Risiko beim Risk Management Erfolgreiche Gegenwehr

Jan Bergrath Foto: Jan Bergrath
Meinung

Weil ein altgedienter Lkw-Fahrer im Rahmen einer höchst umstrittenen Risk-Management-Maßnahme den Führerschein zu verlieren drohte, griff ein Experte von eurotransport.de gemeinsam mit Verdi ein und verhinderte, dass die berufliche Existenz des Fahrers vernichtet wurde.

Ich nutze meinen Blog für diese Woche, um anschaulich darzustellen, was FERNFAHRER und eurotransport.de, das gemeinsame Infoportal der ETM-Zeitschriften, abseits der klassischen Berichterstattung über den Straßengüterverkehr auch noch tun – und das mit schöner Regelmäßigkeit. Sie versuchen, Berufskraftfahrern in Not zu helfen. Dazu hat die Redaktion ein Netzwerk von Experten aufgebaut. Diese Experten beantworten die Fragen, die ihnen von Abonnenten über eurotransport.de gestellt werden. In jeder FERNFAHRER-Ausgabe findet ihr gleich ganz vorne im Heft eine Anleitung, wie das geht und für wen das Angebot kostenfrei zugänglich ist. Antworten, die von Interesse für die Allgemeinheit sind, findet ihr ebenfalls an gleicher Stelle im FERNFAHRER. Auch die feste Rubrik "Recht Aktuell" im FERNFAHRER basiert auf diesem Prinzip.

Ein Anruf von Verdi

Im FERNFAHRER 10/2018 hatte ich einen Artikel zum Thema Risk Management bei der Spedition Berners in Obergartzem veröffentlicht. Risk Management kommt dann ins Spiel, wenn in Transportunternehmen die Schadensquote steigt. Der Grund dafür sind meist viele Rangierschäden. In solchen Fällen erlegen die Versicherer den Unternehmern auf, ihre Fahrer entsprechend zu unterweisen. Bei Berners durfte ich an so einem Tag teilnehmen. Ein tolles Erlebnis, weil Unternehmer, Fahrer und Risk Manager vor Ort versucht haben, gemeinsam eine Lösung zu finden, die Schäden im Unternehmen wieder zu verringern.

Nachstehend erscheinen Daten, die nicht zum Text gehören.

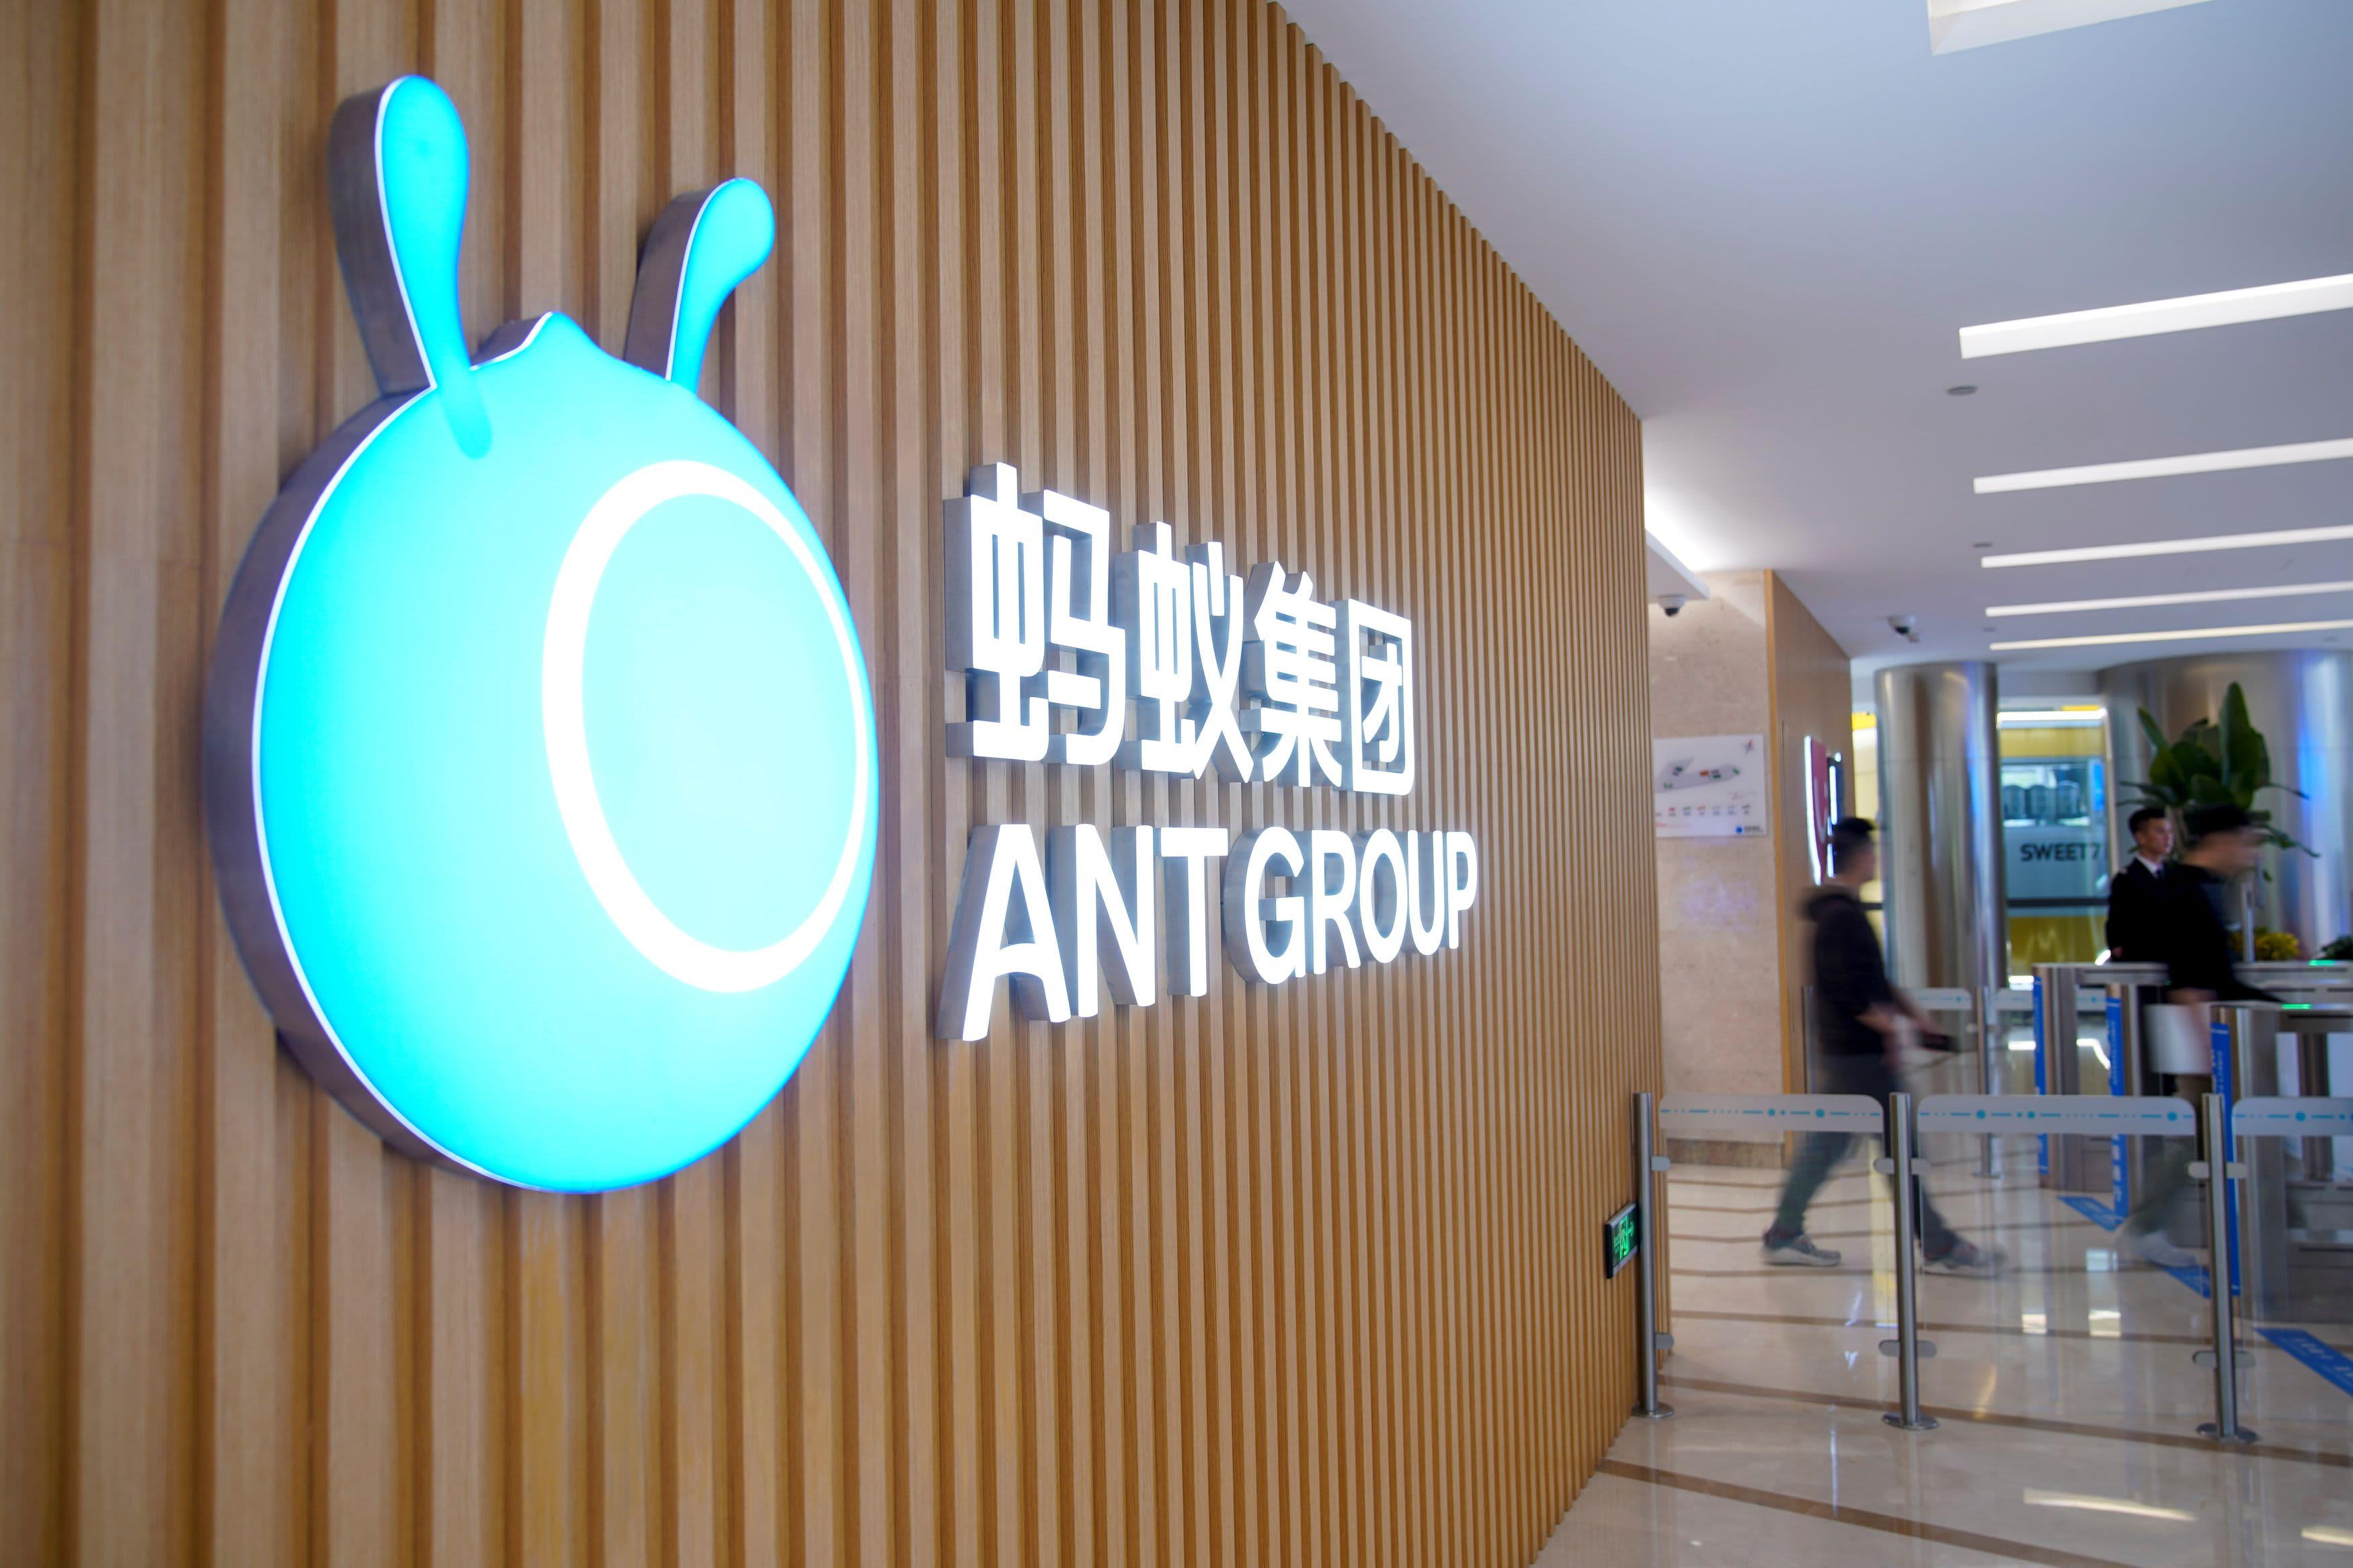 Ant Personnel untuk memecah catatan kredit pengguna dengan lembaga keuangan sentra China ketika perbaikan peraturan berlanjut thumbnail

Kaum war der Artikel erschienen, erhielt ich einen Anruf von Patrick Gerson, Fachsekretär von Verdi in Aschaffenburg, den ich sehr lange kenne und dessen erste Initiative, einen Kraftfahrerkreis zu gründen, ich schon vor bald zehn Jahre vorgestellt hatte. Er war selber Fahrer, ist heute Jurist und setzt sich über alle Maße für die Fahrer ein, die bei ihm Hilfe suchen. Gerson schilderte mir nun kurz den Fall von Peter Vetter, dessen Namen ich zu seinem Schutz geändert habe.

Das, was sich hier ereignet hat, war das komplette Gegenteil von Risk Mangement. Nachdem ich auch mit Peter im Beisein seines Betriebsrates selber sprechen konnte und dieser mir eine Vollmacht erteilte, mich an seinen Arbeitgeber und an das Risk-Management-Unternehmen zu wenden, schlug ich gleichzeitig unserem eurotransport.de-Experten für Verkehrsrecht, Matthias Pfitzenmaier vor, Peter in dieser Angelegenheit rechtlich zu vertreten.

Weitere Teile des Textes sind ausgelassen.